> [WORK ORDER]:
Beginning at the line that contains "取り替える脱走ぬるいユニセッ" and finishing at the line that contains "Vignette SP21 G Harper Dress", output the data below exactly. Include both end lines and no pictures.

> [DATA FOR THIS TASK]:

_____

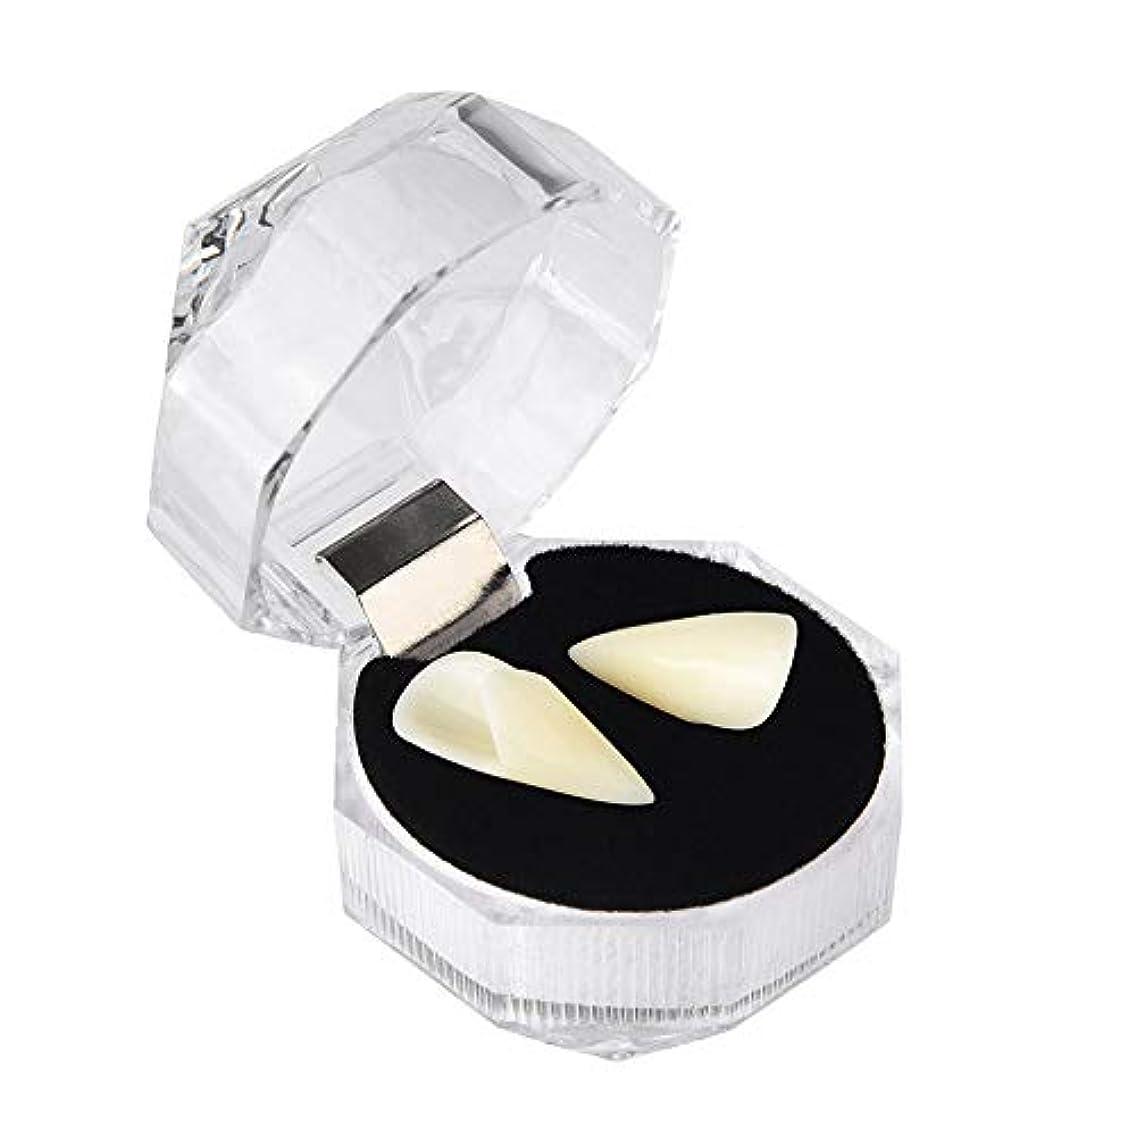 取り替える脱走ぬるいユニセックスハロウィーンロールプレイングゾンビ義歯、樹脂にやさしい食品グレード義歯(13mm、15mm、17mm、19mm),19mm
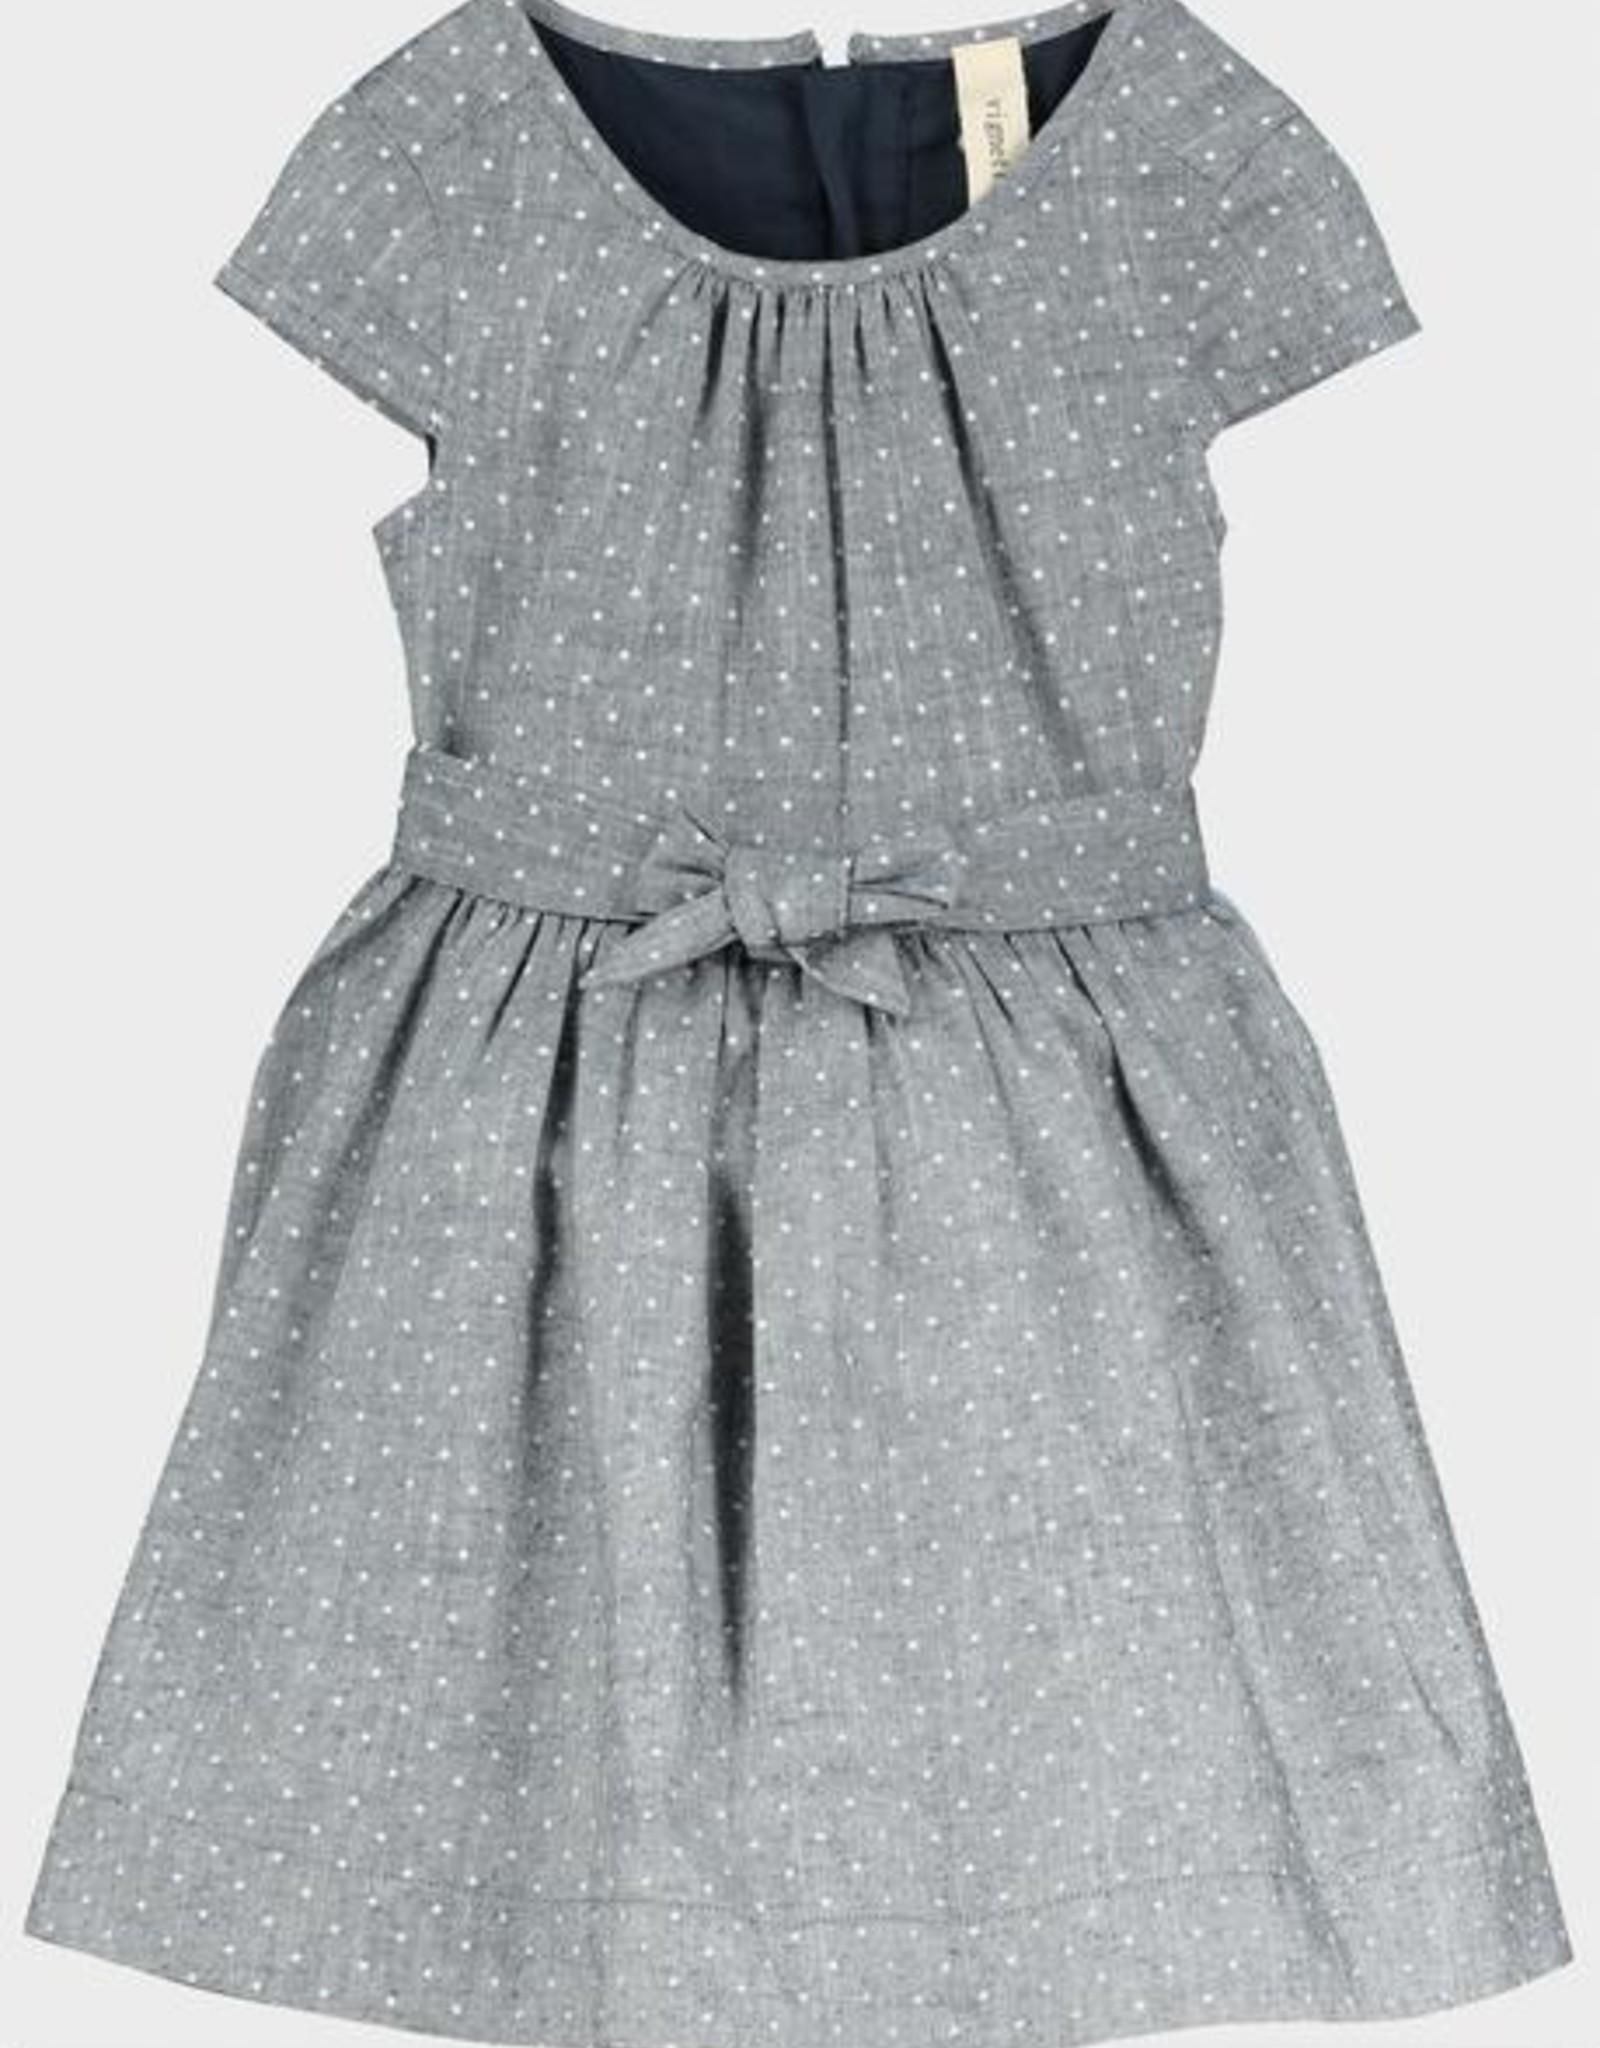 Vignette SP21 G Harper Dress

_____

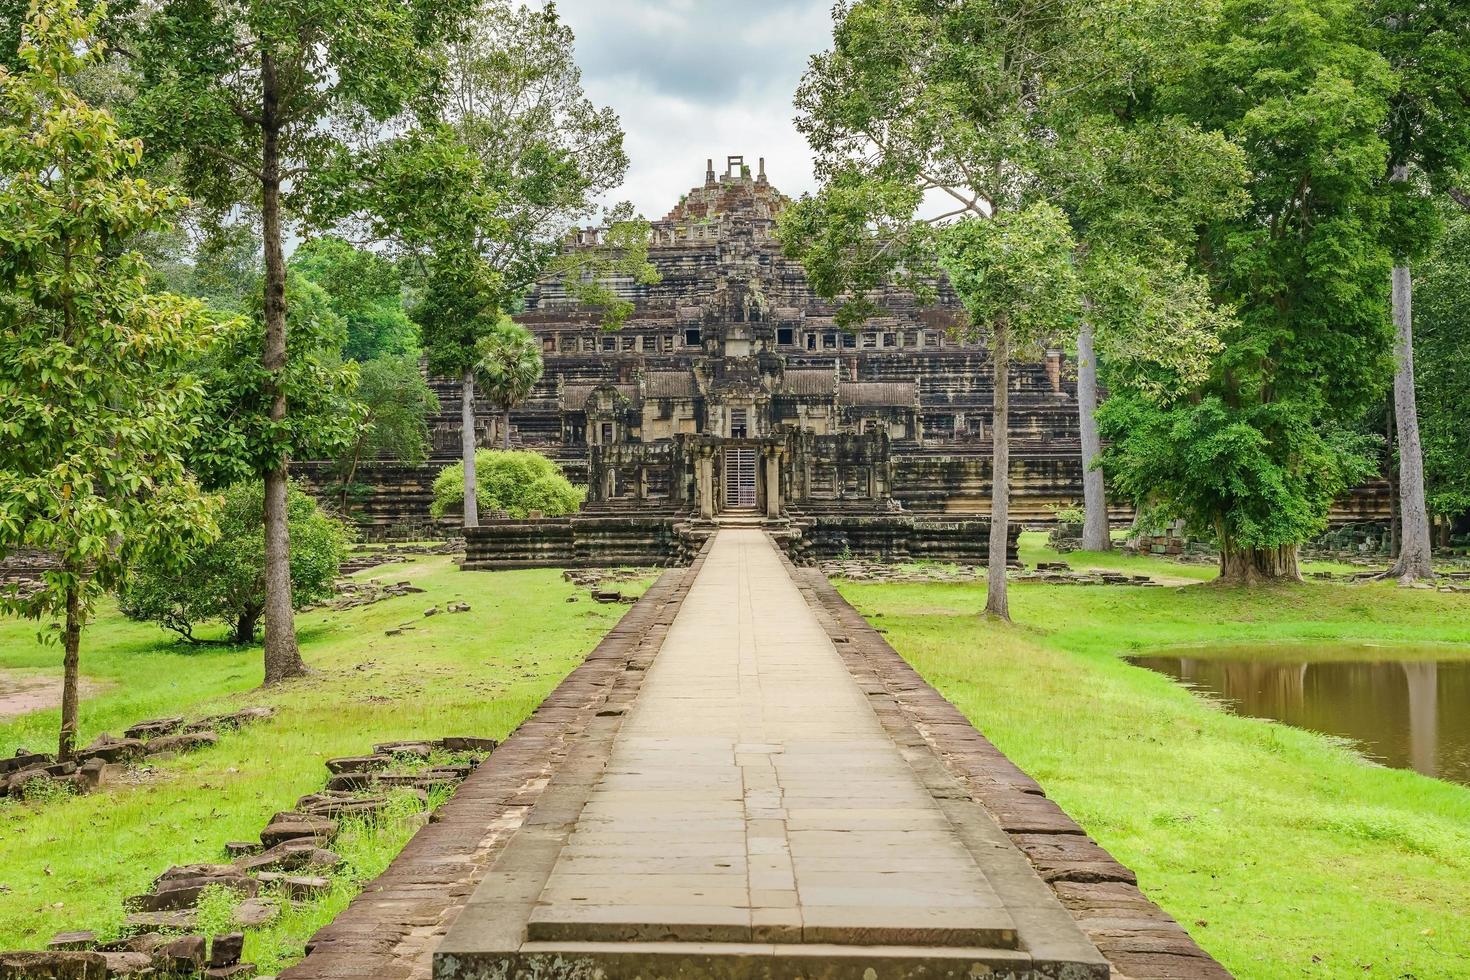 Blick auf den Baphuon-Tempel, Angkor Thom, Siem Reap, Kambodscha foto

_____

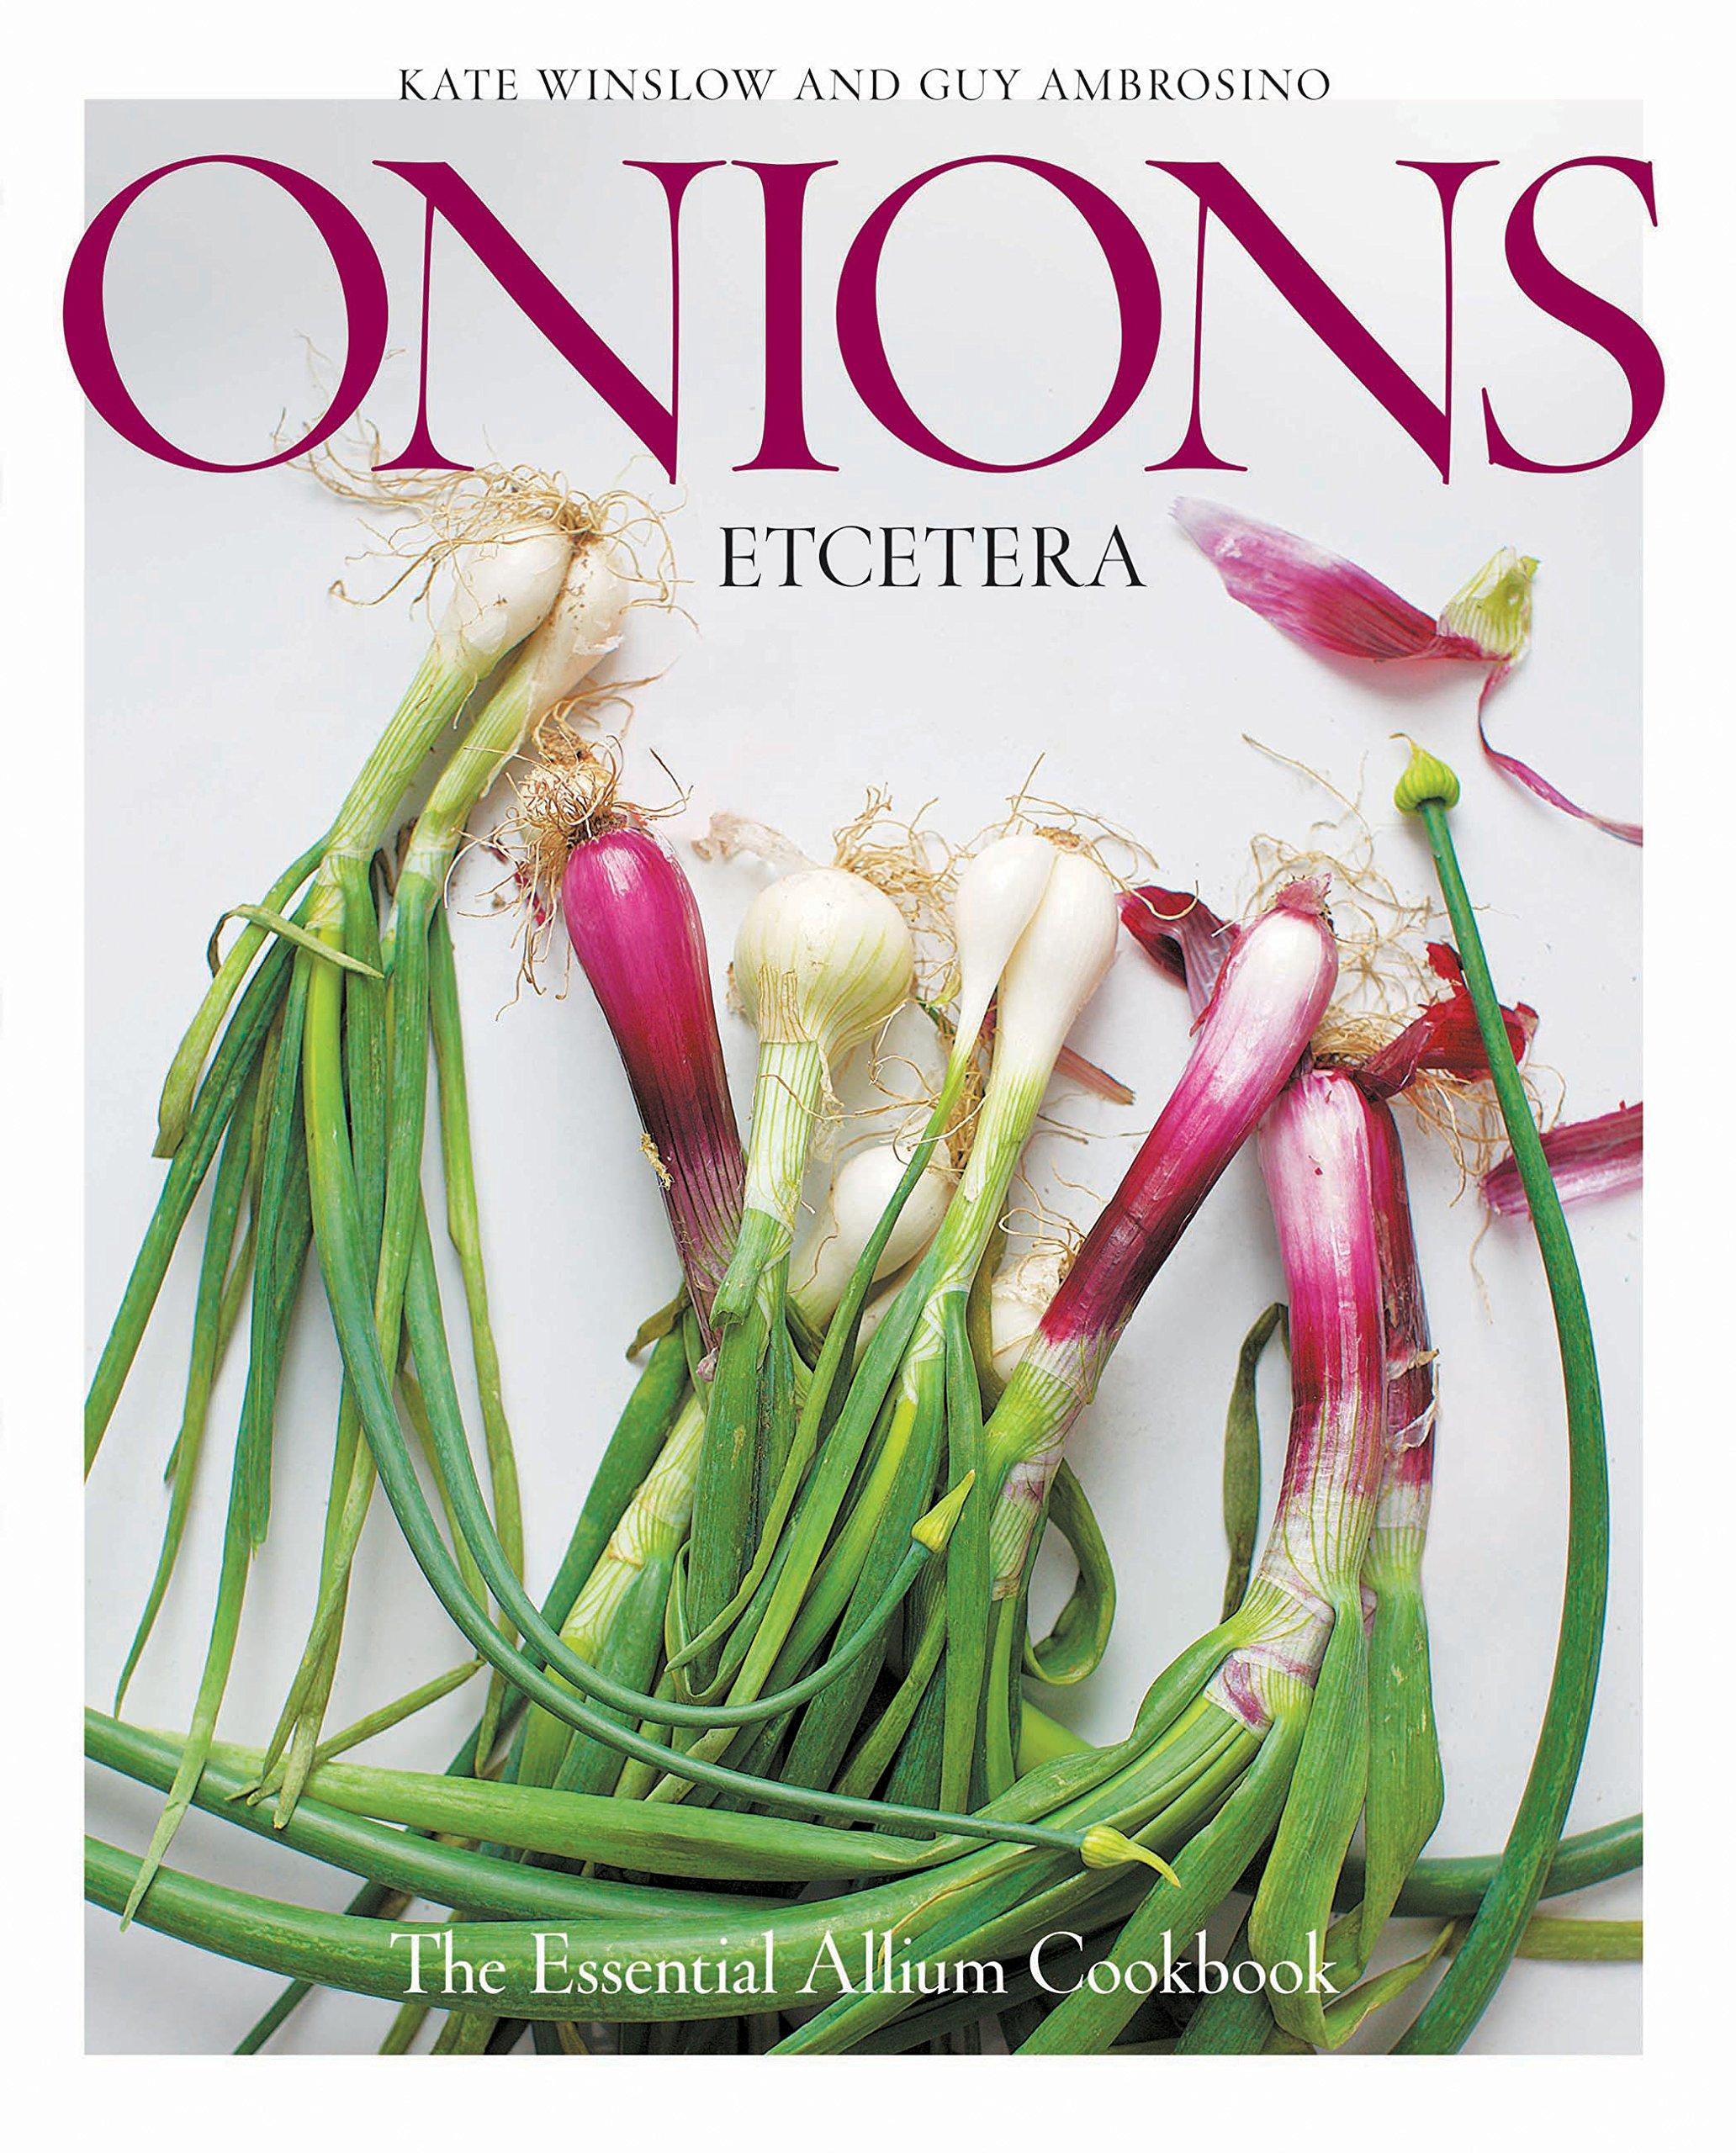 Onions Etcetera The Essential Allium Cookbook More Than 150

_____

> [EXERCISE RESULT]:
 取り替える脱走ぬるいユニセックスハロウィーンロールプレイングゾンビ義歯、樹脂にやさしい食品グレード義歯(13mm、15mm、17mm、19mm),19mm
 Vignette SP21 G Harper Dress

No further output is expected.